To make our list, each projector had to not only perform in real world testing, but had to achieve a set of features and match that with a price that was commensurate in value.
Collectively, the team at Gadget Review has spent well over 350 hours setting up, tweaking, and toying around with the 19+ projectors featured on our site. Of those run through the proverbial ringer, we’ve whittled down the results to the five best performers in their respective categories: whether it’s the best looking, the best performing, or the best for buyers on a budget.
Real World Testing That Matters
With so many factors that can affect the final picture quality you get out of a projector, it was important that during our testing we made sure to run each model through a series of real-world scenarios that the average user would encounter in their own living room.

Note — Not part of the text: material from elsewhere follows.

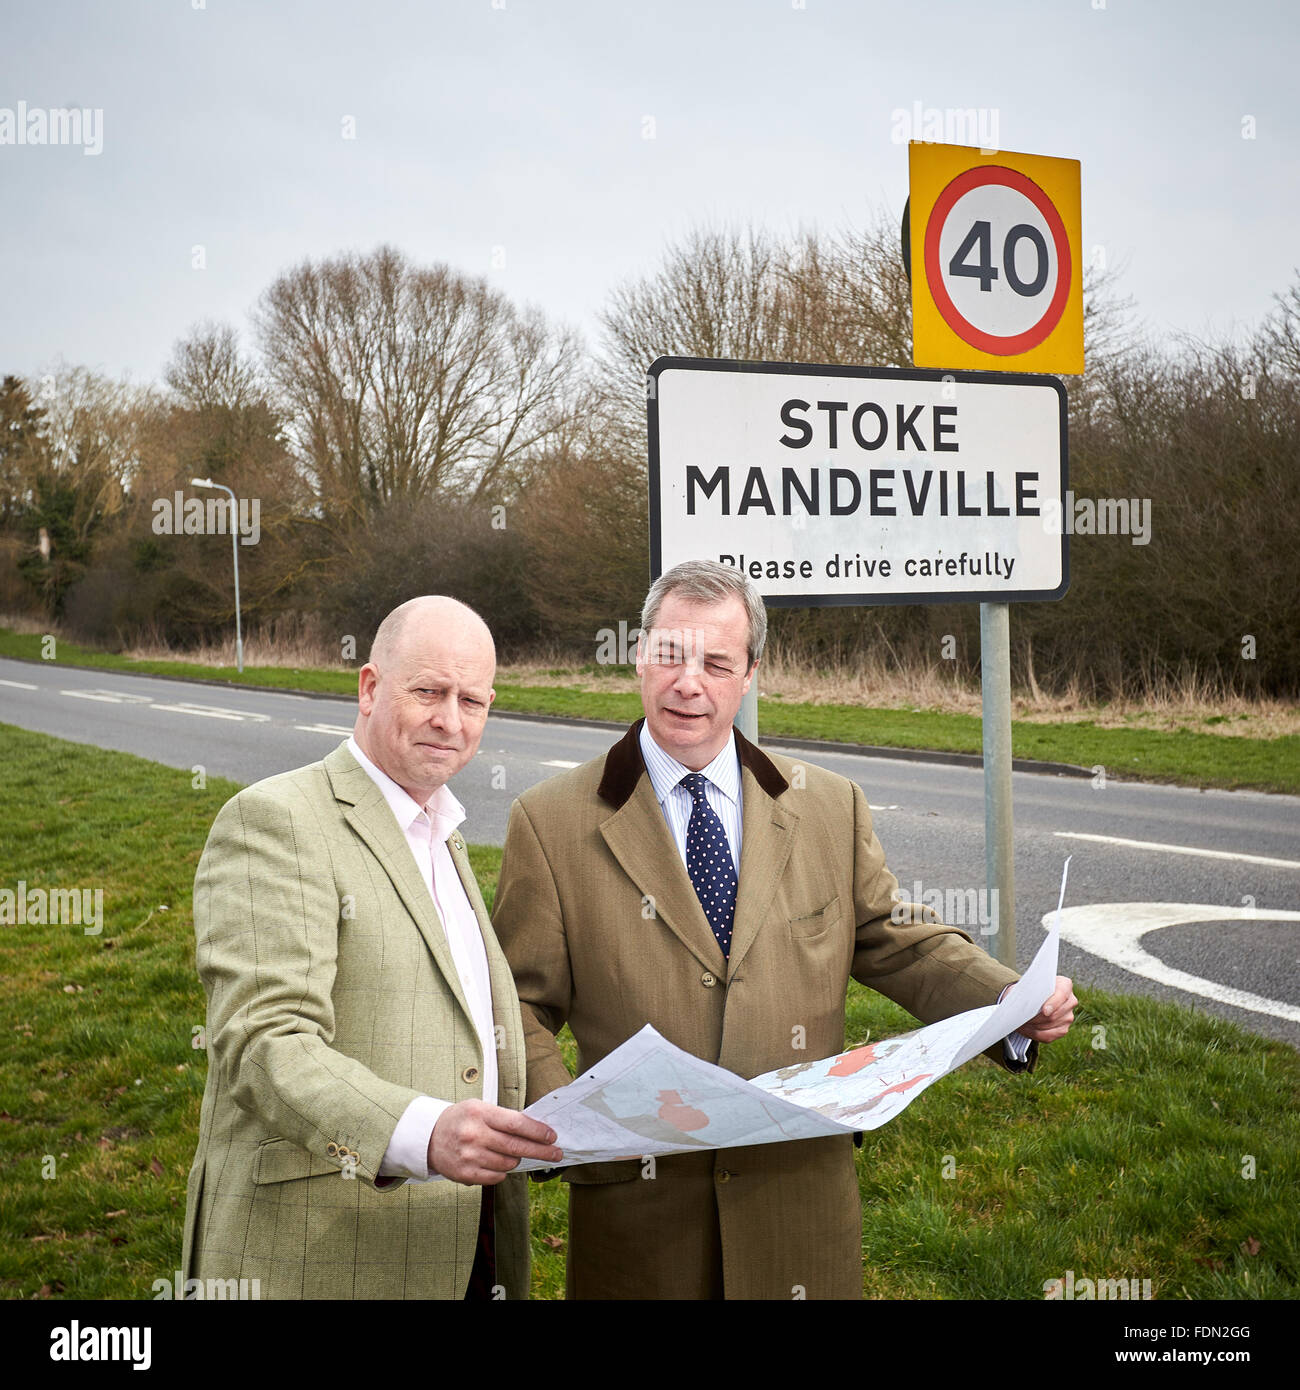 UKIP party leader Nigel Farage (R) pictured where HS2 will cross a major road in Stoke Mandeville with Chris Adams (L) Stock Photo

These included running the projector for more than eight hours at a time to see if there was any risk of picture degradation or overheating (perfect for a lazy-Sunday Battlefield Galactica marathon), upping the color and saturation points to try and push out as many rainbow artifacts as possible, as well as running a LX1330B Digital Illuminance lumen meter around the edges and center of the picture to test for brightness hotspots on our 100″ EliteScreens Manual B projector screen.
Testing With Video Games, TV, Movies and More
Next, we run the projectors through three of the general use cases that consumers are looking for: computer use, TV/movies, and games. Whether it’s using your projector as a massive computer monitor or trying to get the best response times possible during a match of Halo 5: Guardians online, different projectors do better than others in certain situations, which is why it’s important to keep an eye on the specs so you know you’re getting the best possible pick for how you plan on using your projector the most.
How Easy Is It to Mount
After that, we evaluate the actual physical characteristics of the projector itself: how big it is, how heavy, and where it could be most optimally mounted given the fan placement. One mistake some upstart home theater geeks can get wrong is mounting the projector directly behind the heads of people sitting on the couch, not realizing that when a projector turns on it pumps out a whole lot of noise and heat as it tries to keep its big bulb cool.
Measuring Fan Loudness
Speaking of noise, there’s no getting around the fact that even the quietest projectors we’ve tested still need a substantial stereo system to drown out their constant whirr. We use a specialized decibel meter during testing, and will run the projector over the course of an hour before taking the reading to ensure that the fan is working at full capacity.